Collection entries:
════
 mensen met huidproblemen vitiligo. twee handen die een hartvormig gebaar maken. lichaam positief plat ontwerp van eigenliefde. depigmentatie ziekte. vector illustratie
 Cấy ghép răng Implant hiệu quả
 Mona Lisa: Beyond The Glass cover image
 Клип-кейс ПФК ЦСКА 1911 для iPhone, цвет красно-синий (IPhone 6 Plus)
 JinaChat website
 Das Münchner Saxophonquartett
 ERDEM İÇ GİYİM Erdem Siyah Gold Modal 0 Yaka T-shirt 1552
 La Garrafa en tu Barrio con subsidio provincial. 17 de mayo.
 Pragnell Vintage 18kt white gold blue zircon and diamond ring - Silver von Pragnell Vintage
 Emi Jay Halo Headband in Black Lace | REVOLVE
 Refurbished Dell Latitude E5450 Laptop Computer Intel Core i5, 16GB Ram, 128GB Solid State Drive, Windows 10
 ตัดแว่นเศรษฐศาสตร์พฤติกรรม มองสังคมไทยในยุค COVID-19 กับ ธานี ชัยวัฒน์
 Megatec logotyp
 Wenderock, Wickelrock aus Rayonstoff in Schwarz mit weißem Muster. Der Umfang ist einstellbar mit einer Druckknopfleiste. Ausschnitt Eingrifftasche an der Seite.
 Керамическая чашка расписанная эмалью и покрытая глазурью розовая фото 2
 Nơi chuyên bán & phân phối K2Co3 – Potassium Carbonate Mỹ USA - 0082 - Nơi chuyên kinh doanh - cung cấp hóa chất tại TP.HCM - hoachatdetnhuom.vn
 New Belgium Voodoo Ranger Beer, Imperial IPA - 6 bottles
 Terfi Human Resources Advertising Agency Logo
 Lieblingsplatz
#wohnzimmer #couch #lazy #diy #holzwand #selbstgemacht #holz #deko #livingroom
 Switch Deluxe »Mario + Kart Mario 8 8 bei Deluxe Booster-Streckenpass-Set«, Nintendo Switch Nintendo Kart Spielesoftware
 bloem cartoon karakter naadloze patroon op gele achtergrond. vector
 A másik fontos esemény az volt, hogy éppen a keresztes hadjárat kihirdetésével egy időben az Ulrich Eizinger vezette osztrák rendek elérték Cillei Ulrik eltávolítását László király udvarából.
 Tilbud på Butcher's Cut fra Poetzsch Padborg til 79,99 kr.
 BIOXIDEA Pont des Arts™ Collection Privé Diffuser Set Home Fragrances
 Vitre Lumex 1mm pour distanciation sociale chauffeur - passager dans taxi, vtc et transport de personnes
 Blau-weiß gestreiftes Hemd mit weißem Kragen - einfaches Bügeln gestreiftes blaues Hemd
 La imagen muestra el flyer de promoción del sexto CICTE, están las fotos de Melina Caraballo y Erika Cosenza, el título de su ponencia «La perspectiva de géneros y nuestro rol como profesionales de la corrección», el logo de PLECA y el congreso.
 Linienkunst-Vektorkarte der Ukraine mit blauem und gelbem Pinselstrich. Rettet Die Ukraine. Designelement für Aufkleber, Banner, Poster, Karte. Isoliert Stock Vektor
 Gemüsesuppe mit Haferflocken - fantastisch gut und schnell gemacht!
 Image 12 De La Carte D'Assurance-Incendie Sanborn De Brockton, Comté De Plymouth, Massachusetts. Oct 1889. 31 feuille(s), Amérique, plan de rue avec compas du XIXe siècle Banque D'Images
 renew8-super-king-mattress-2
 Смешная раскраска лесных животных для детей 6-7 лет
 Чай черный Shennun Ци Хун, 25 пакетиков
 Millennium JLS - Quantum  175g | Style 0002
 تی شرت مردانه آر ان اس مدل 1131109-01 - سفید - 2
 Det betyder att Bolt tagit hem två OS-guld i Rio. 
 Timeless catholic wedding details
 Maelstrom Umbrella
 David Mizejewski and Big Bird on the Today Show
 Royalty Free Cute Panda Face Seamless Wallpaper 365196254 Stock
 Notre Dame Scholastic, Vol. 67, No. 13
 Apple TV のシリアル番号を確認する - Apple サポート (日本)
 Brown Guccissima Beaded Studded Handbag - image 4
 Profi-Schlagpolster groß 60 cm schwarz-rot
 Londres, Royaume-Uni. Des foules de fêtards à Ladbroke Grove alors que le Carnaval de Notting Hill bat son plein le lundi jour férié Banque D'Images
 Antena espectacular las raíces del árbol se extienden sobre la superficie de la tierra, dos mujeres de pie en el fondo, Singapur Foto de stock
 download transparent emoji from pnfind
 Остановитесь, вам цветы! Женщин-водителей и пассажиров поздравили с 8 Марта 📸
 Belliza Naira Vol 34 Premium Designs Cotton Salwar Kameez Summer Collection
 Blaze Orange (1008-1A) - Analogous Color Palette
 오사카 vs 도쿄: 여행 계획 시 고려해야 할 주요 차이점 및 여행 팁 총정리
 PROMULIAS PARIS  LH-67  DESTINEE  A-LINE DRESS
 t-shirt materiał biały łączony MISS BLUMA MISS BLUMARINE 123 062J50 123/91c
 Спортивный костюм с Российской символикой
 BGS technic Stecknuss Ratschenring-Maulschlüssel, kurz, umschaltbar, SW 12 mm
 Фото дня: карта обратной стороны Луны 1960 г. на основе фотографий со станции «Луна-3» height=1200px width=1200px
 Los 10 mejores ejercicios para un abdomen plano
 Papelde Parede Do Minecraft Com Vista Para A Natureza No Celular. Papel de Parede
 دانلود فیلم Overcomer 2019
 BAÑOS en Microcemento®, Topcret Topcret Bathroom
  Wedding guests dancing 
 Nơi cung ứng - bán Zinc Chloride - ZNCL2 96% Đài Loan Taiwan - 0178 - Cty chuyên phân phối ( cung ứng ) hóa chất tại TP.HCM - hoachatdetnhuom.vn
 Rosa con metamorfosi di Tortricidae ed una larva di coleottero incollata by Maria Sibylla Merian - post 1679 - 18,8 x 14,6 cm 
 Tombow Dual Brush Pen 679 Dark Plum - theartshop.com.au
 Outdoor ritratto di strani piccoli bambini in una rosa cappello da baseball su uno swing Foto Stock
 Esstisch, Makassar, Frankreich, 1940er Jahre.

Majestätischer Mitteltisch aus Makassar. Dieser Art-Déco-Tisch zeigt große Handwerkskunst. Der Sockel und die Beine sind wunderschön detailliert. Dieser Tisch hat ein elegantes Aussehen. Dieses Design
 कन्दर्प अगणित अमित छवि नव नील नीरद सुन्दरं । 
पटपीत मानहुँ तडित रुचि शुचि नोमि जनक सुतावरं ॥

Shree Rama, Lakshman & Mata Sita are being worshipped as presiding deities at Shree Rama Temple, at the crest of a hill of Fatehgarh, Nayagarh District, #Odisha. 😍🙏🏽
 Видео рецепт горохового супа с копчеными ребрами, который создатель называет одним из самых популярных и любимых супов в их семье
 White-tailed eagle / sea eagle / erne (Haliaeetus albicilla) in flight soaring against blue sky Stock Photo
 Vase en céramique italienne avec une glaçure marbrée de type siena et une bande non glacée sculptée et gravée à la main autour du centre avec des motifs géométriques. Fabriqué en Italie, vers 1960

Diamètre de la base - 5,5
════
#### [Task requirements]
Wherever a line of the entries holds the string "vector", copy that line.

#### [Solution]
 mensen met huidproblemen vitiligo. twee handen die een hartvormig gebaar maken. lichaam positief plat ontwerp van eigenliefde. depigmentatie ziekte. vector illustratie
 bloem cartoon karakter naadloze patroon op gele achtergrond. vector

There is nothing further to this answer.